_WHAT TO DO_. In the data below, set down exactly the lines from the one containing "Святослав у новорічному привітанні" up to and including the one containing "Meadowood (DEC 777)". Leave the pictures out.

_DATA SUPPLIED_.
★ ★ ★

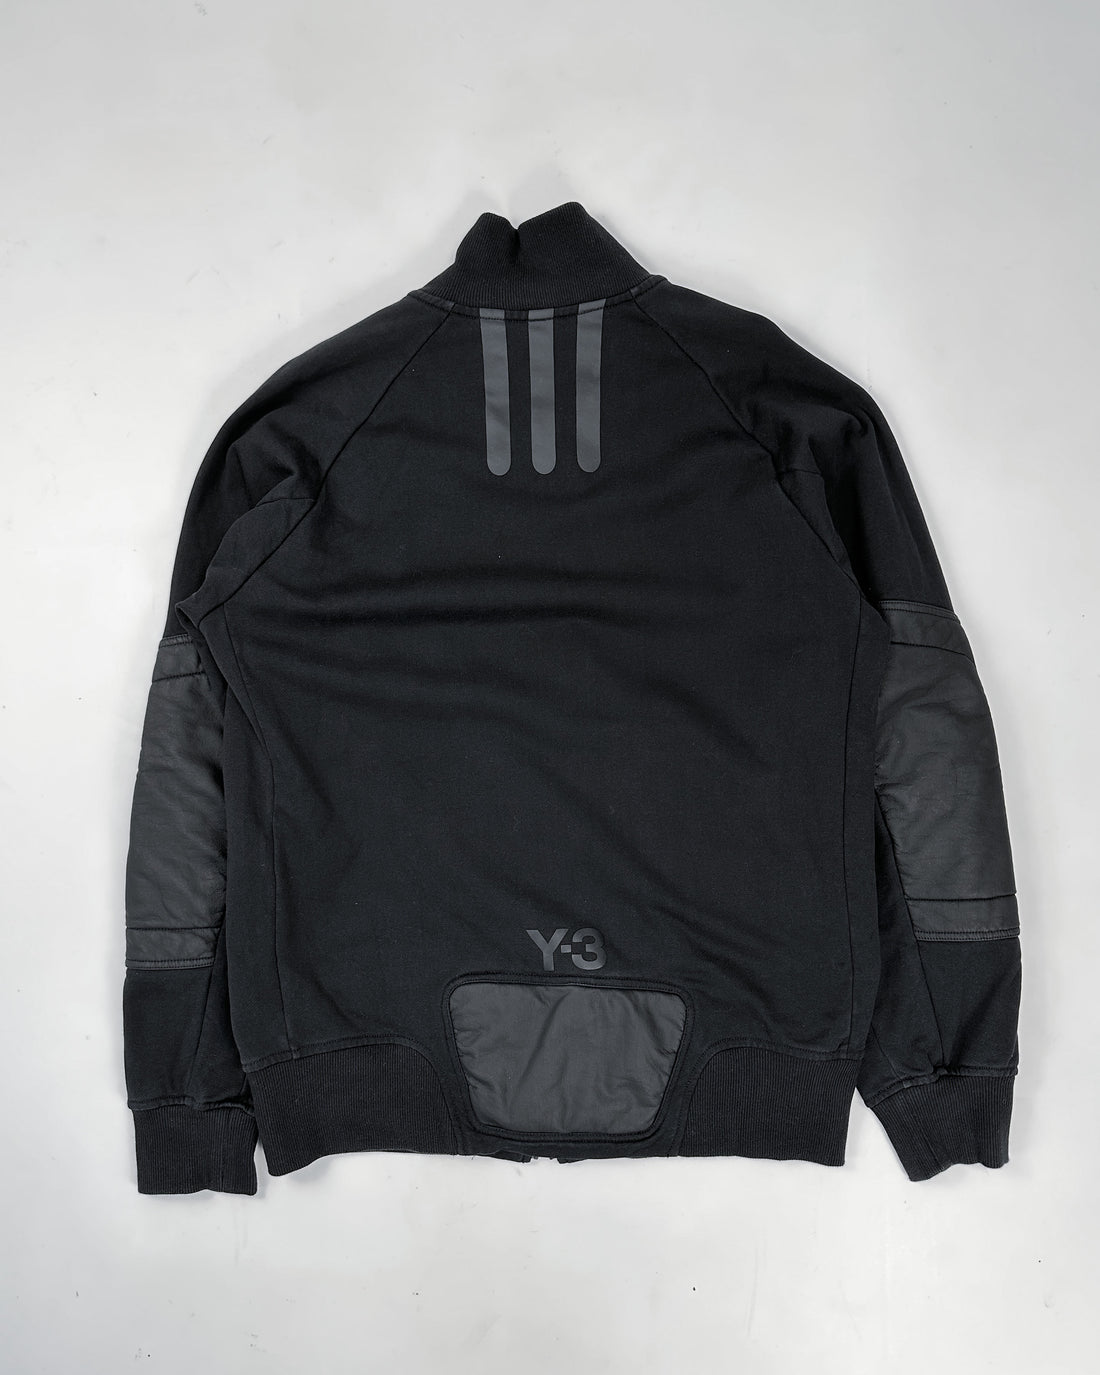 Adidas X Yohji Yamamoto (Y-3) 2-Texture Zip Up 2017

★ ★ ★

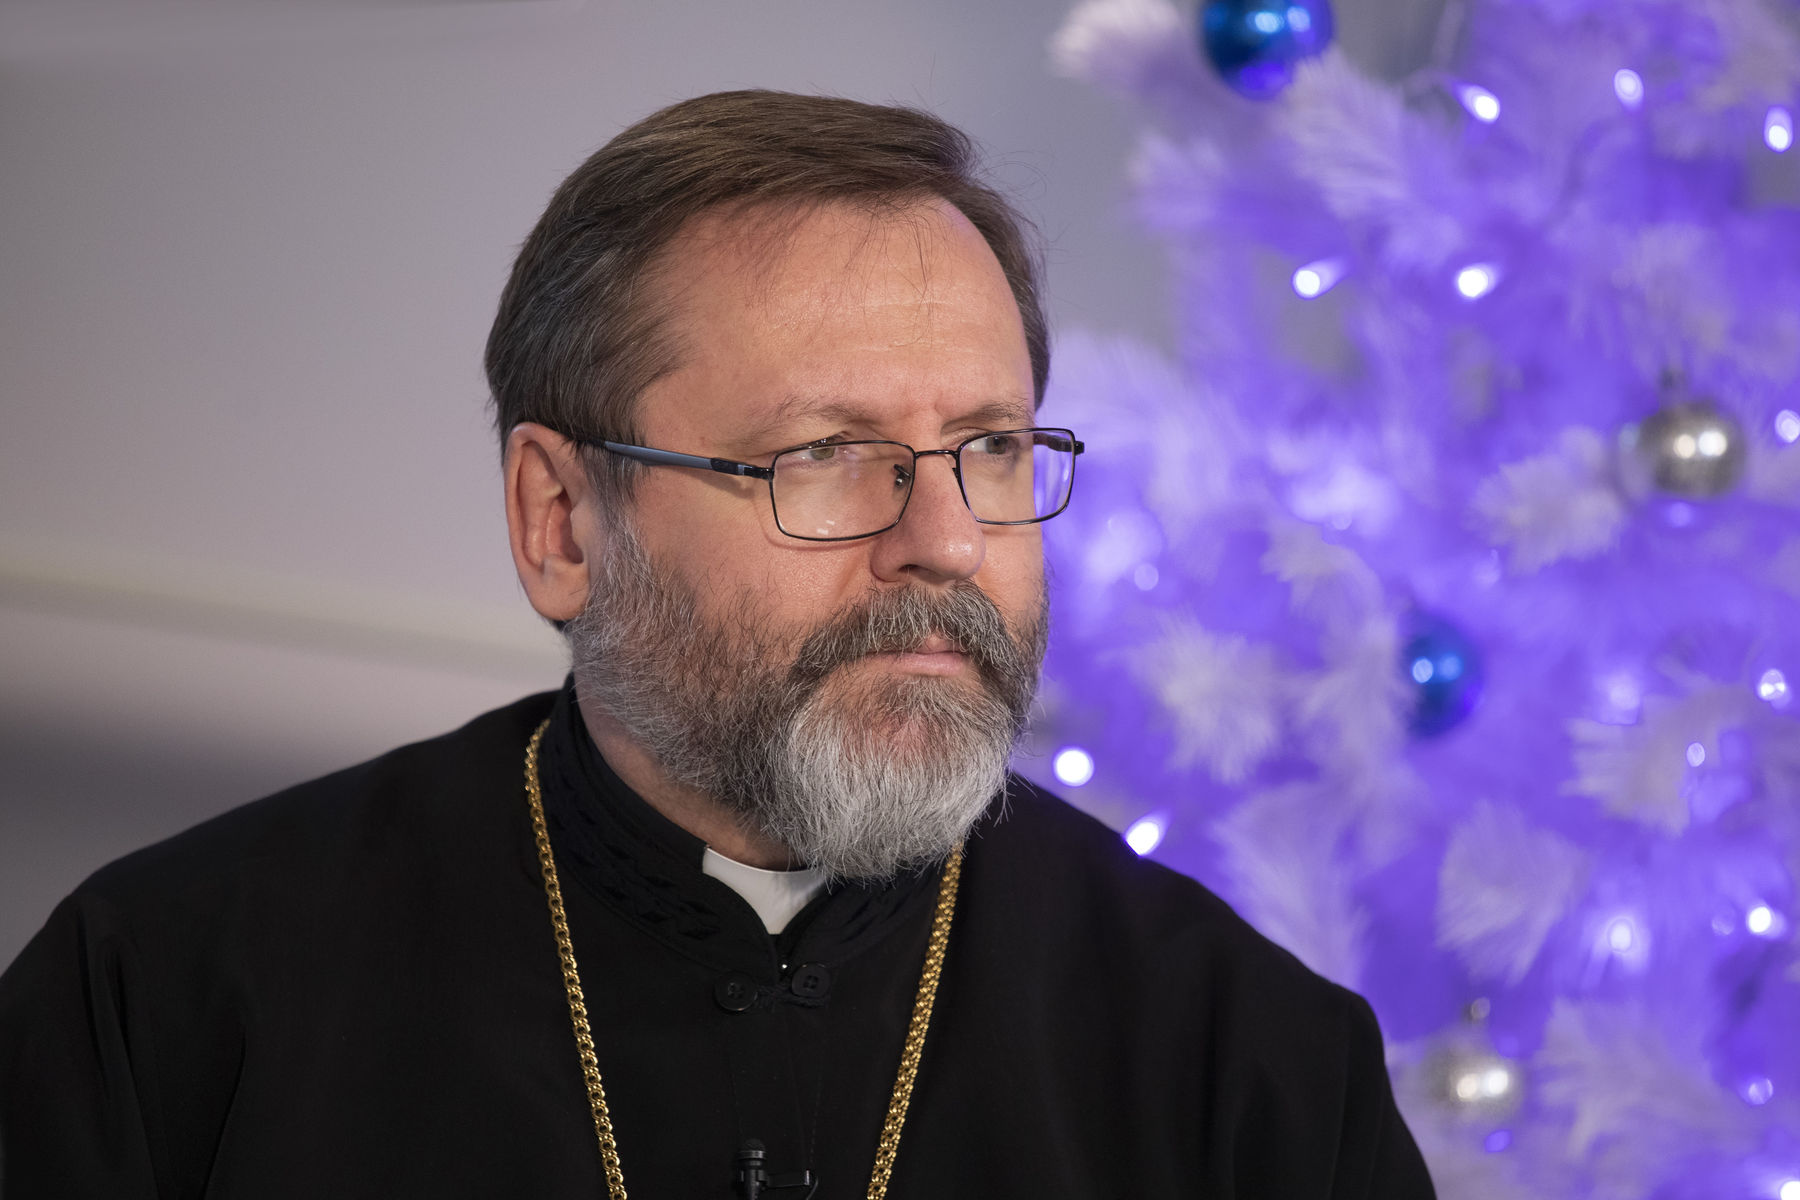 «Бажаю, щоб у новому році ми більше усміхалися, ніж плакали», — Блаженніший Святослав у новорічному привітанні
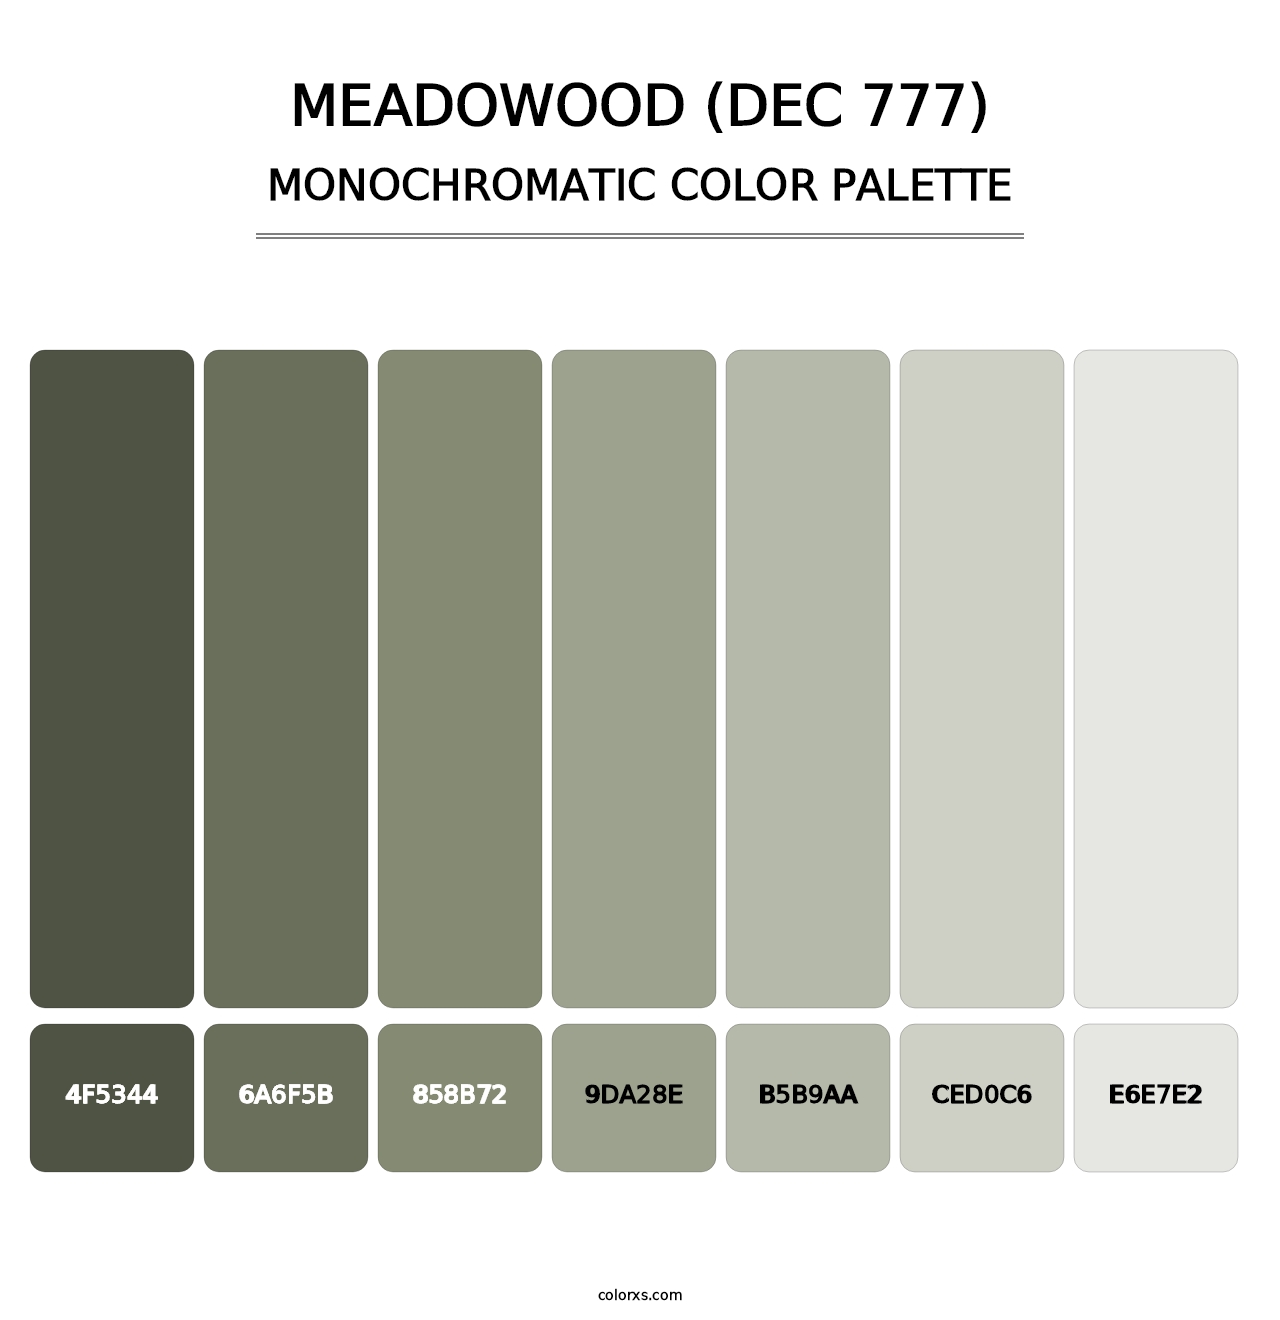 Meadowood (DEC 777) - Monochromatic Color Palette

★ ★ ★

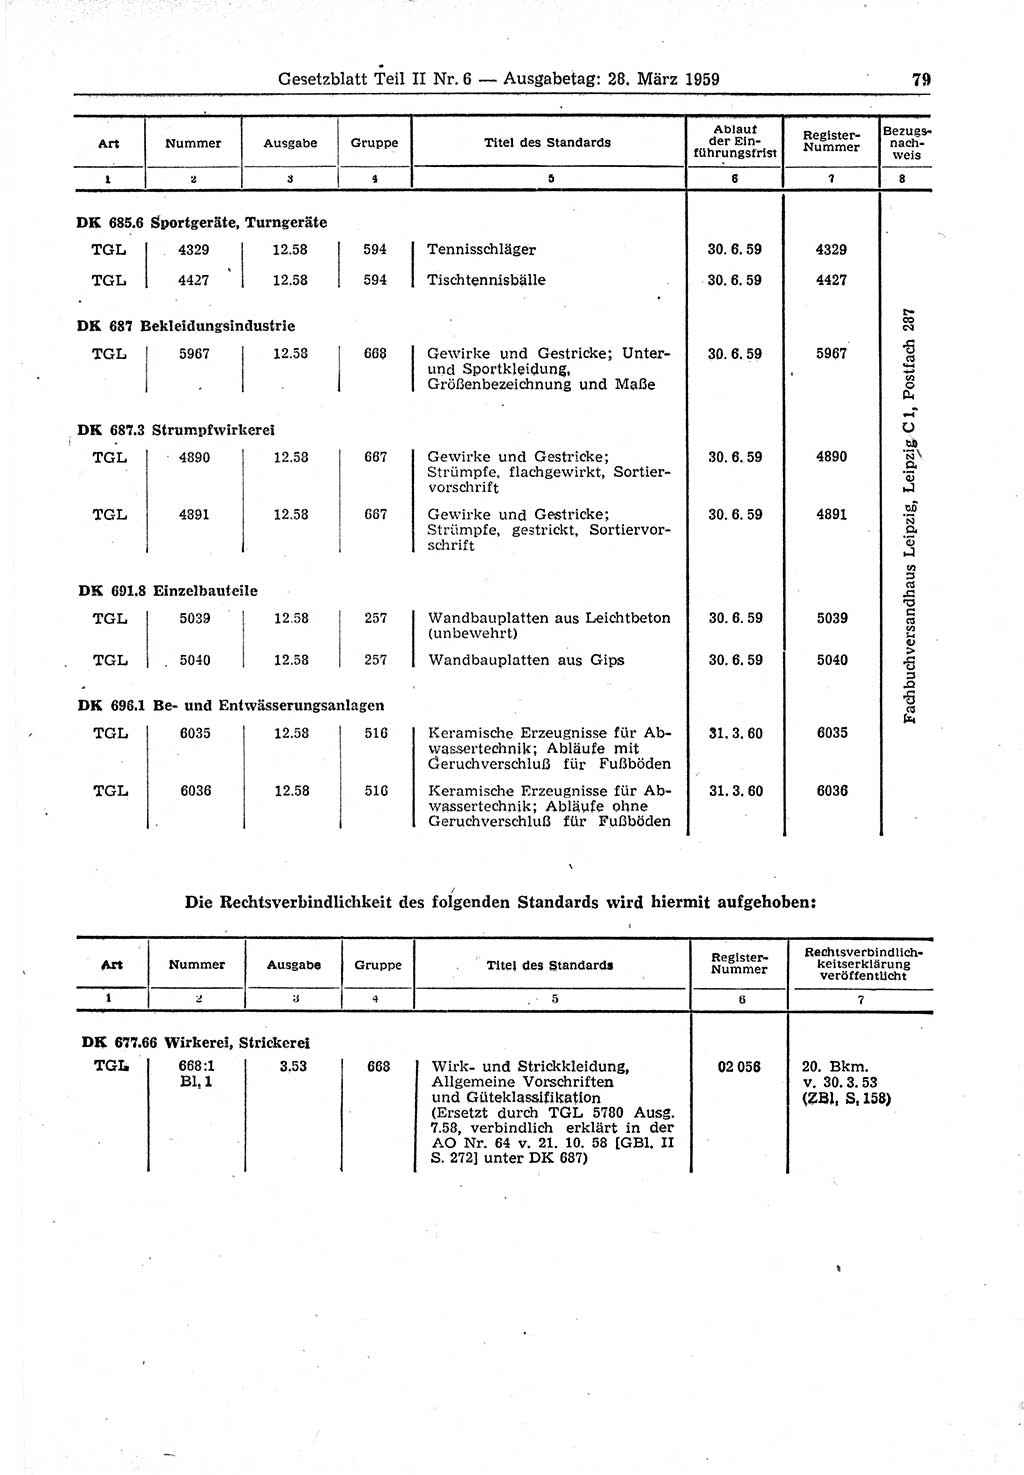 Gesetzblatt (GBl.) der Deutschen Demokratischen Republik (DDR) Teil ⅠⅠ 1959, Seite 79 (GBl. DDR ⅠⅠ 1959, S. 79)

★ ★ ★

_OUTPUT OF THE EXERCISE_.
 «Бажаю, щоб у новому році ми більше усміхалися, ніж плакали», — Блаженніший Святослав у новорічному привітанні
 Meadowood (DEC 777) - Monochromatic Color Palette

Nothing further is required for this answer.